A parable – Scarecrow management
A farmer once chanced upon a pumpkin. He carved it up to make the meanest scarecrow he could. Since he was lazy, he did not have much interest in doing much of anything. But he knew fear can be a strong motivator, amygdala and all. So the scarecrow did its thing, and all that grew were watermelons green on the outside, and red on the inside.
Fear and bureaucracies
When bureaucracy becomes the dominant management paradigm it is death knell for the company. They accumulate risks without acknowledging its impact on performance attrition.

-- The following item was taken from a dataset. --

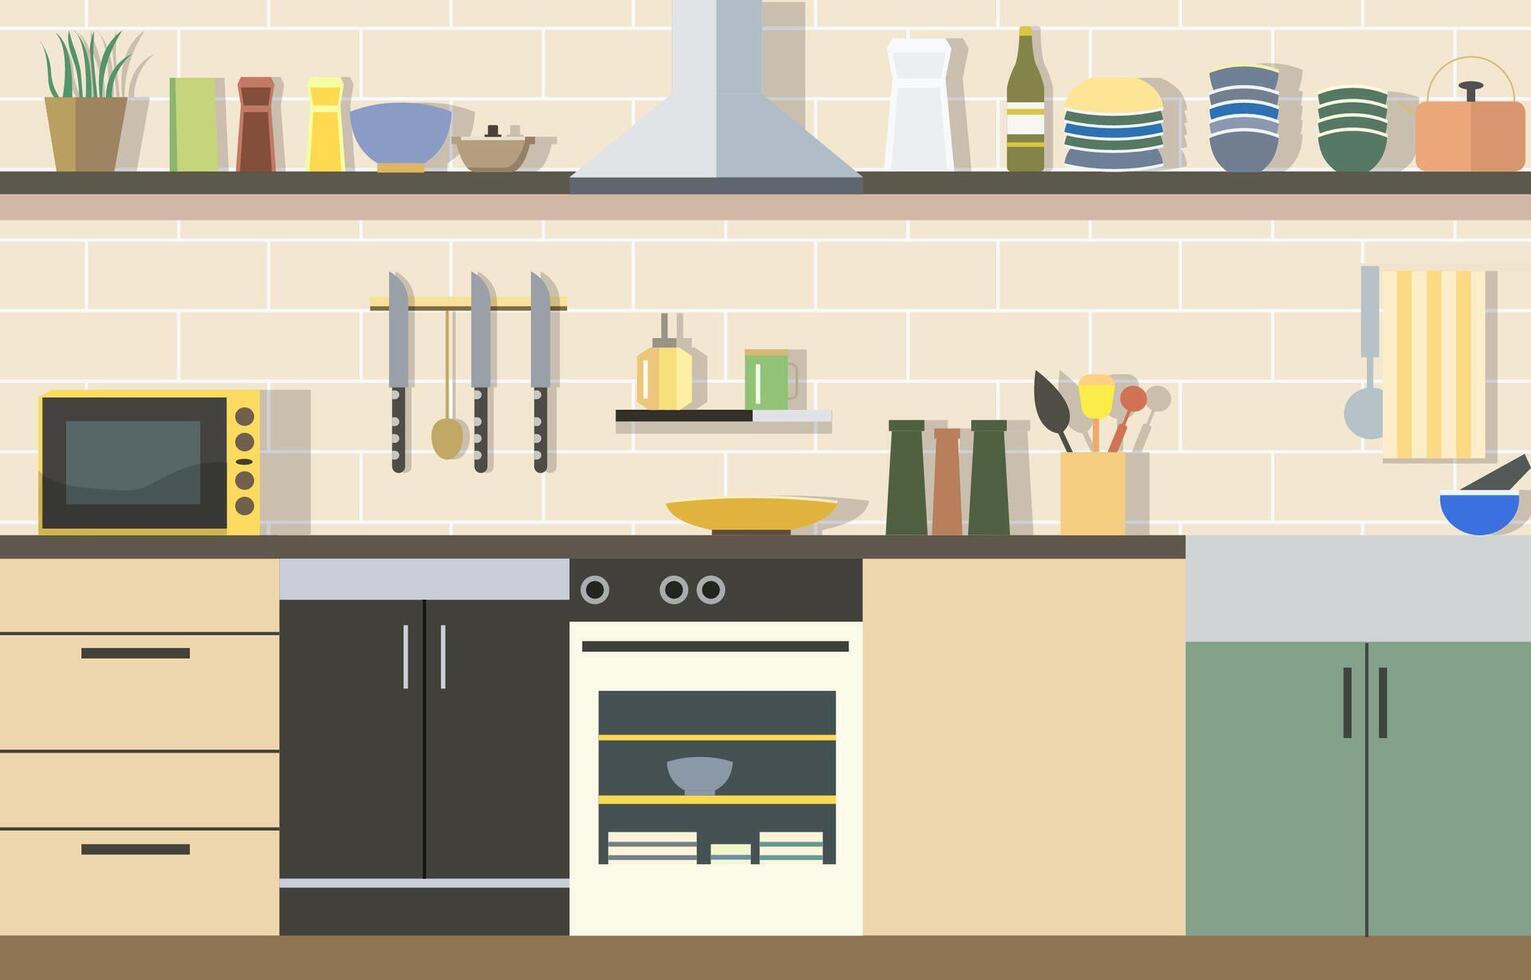 Flat Design of Kitchen in Restaurant with Kitchen Utensils and Storage Shelves vector

Organizational system structures learn to compensate for these dysfunctions, over compensating in some aspects to make up for deficiencies in other. This is the current status-quo, where real issues are hidden by team members who compensate fear of failure with lack of trust with each other. Culture of blame harvests watermelons, green on the outside and red on the inside.
Scarecrows passively deter threats, namely birds and animals that want to take advantage of unattended farm. Scarecrow management is then passive deterrence of known threats and ignorance of the many hidden risks that eat away at the produce. Scarecrow management falsely believe that all failures are bad. Their mental models are locked into a false dichotomy where every failure must be avoided by enforcing policies, rules, procedures that demand high-accountability and as consequence know who to blame for failures. This erodes psychological safety and forces people into defensive stances that hide real issues and erode learning opportunities. A culture of fear and blame persists, harvesting watermelons.
Fear of failure and lack of trust that stems from this fear is foundational to buearocartic dysfunction in organizations. Fear of being vulnerable with team members prevents development of trust within the team, and between the teams and leadership. Active leadership replaces blame with curiosity, looks beyond the superficial, to uncover learning opportunities.
How can we respond constructively to failures without giving rise to anything-goes attitude?
By solving this puzzle, we can perhaps unlock the key to building trust, which is absolutely necessary to building post-bureaucratic high-performing learning organizations.